Yes. In our source, we have many temporary files (tokens)
We don't need to backup them, but we can't distinguish short time tokens from long time tokens.
If during copying some file is not found, was deleted, it's ok, it should not be copied.
We would want to ignore such type of errors.
Is it possible?
That is a great idea. It will reduce the time from listing the file to transferring the file. If you make it too small it will impact performance. It will also impact the ETA times in the stats.
I think probably what you want is to set --retries 1 so rclone only tries once to do the backup, otherwise it will keep trying and keep getting a different set of errors.
We will try this option, thanks. We always have not more than 1000 objects, we will try to break it into chunks of 100
But it means that the action will fail in this 1 retry. There is a small chance that after retry it will take a list that won't be changed during copying. We don't change retries, it's 3 by default
Whether should be any correlation between --max-backlog and --transfers ?

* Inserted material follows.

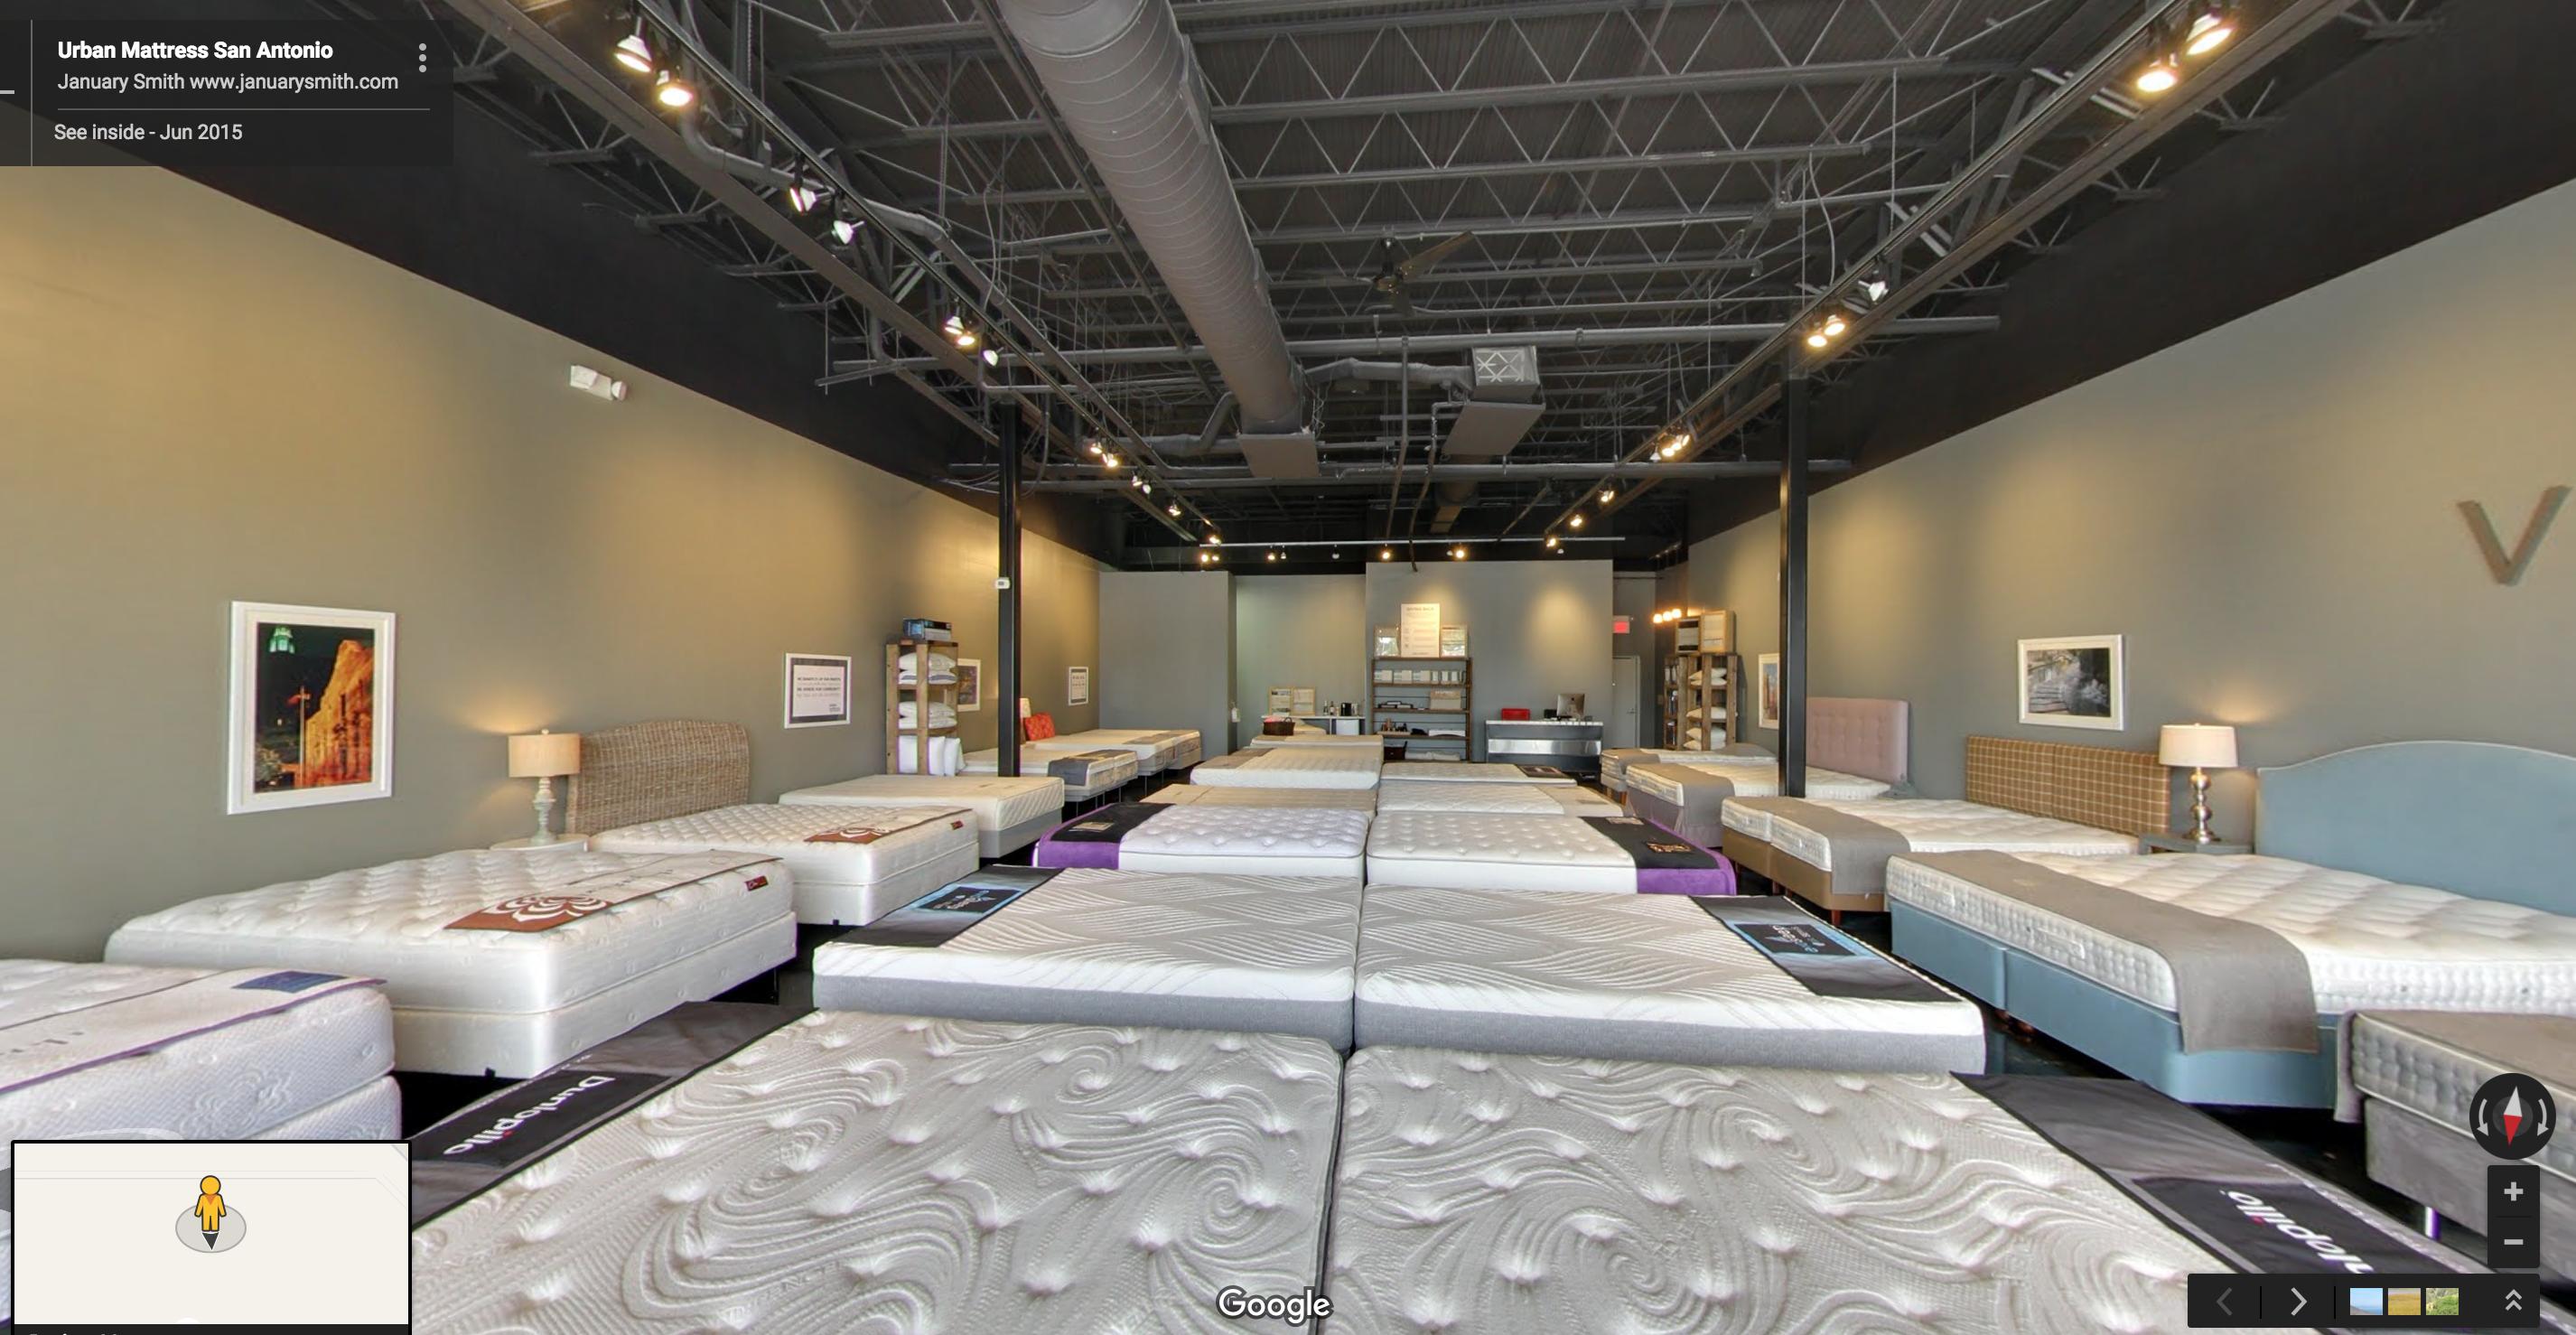 Houston baby & kid stuff - craigslist: houston, TX jobs America mattress gallery san antonio tx

is it preferable that the backlog value be a multiple of transfers?
if I set them the same value, will this work optimally?
thanks
I found that when I decrease the value of max-backlog backup for small buckets (with a few files) takes much more time than before, but backup for big buckets (with a lot of files) takes much less time.
When --max-backlog=1 backup of the bucket with 18 000 files takes a few seconds (!!??), but the backup of the bucket with 90 files takes 5 minutes (!!??).
Can you explain this phenomenon?
I tried to run backup of only the small bucket and it finished in a few seconds
But when I run in parallel 20 small buckets, the last finishes in 5 min as I wrote
The big buckets run in parallel too. But in our specific case, they are not 20 but 11 buckets in parallel and the last finished in a few seconds
We got the error even with --max-backlog=1 --transfers=1:
ERROR : Attempt 1/3 failed with 13 errors and: failed to open source object: NoSuchKey: The specified key does not exist.
ERROR : Attempt 2/3 failed with 85 errors and: failed to open source object: NoSuchKey: The specified key does not exist.
ERROR : Attempt 3/3 failed with 7 errors and: failed to open source object: NoSuchKey: The specified key does not exist.
ERROR : sys/token/id/h0c6320540822dc11ded9481aa1eb5357f83fb5c92ea0bdd312b10f9f52379646: Failed to copy: failed to open source object: NoSuchKey: The specified key does not exist.
status code: 404, request id: 59e00cc2-3cfb-4bfc-b640-d5a78ff0be9f, host id:
I posted only the final line of every retry
I want it to retry because there is a chance that it will succeed (using default retry=3)
My questions
Why with max-backlogs=1 the error still occurs??
Can I add some other flag to avoid this type of errors?
It might be to do with eventual consistency of the listings. Most object storage systems are "eventually consistent" which means that the listings and the objects are allowed to get out of sync for "a while" as long as they get back in sync eventually.
I can't think of any. If you have files deleted during the transfer, then you will always get errors and cause a retry.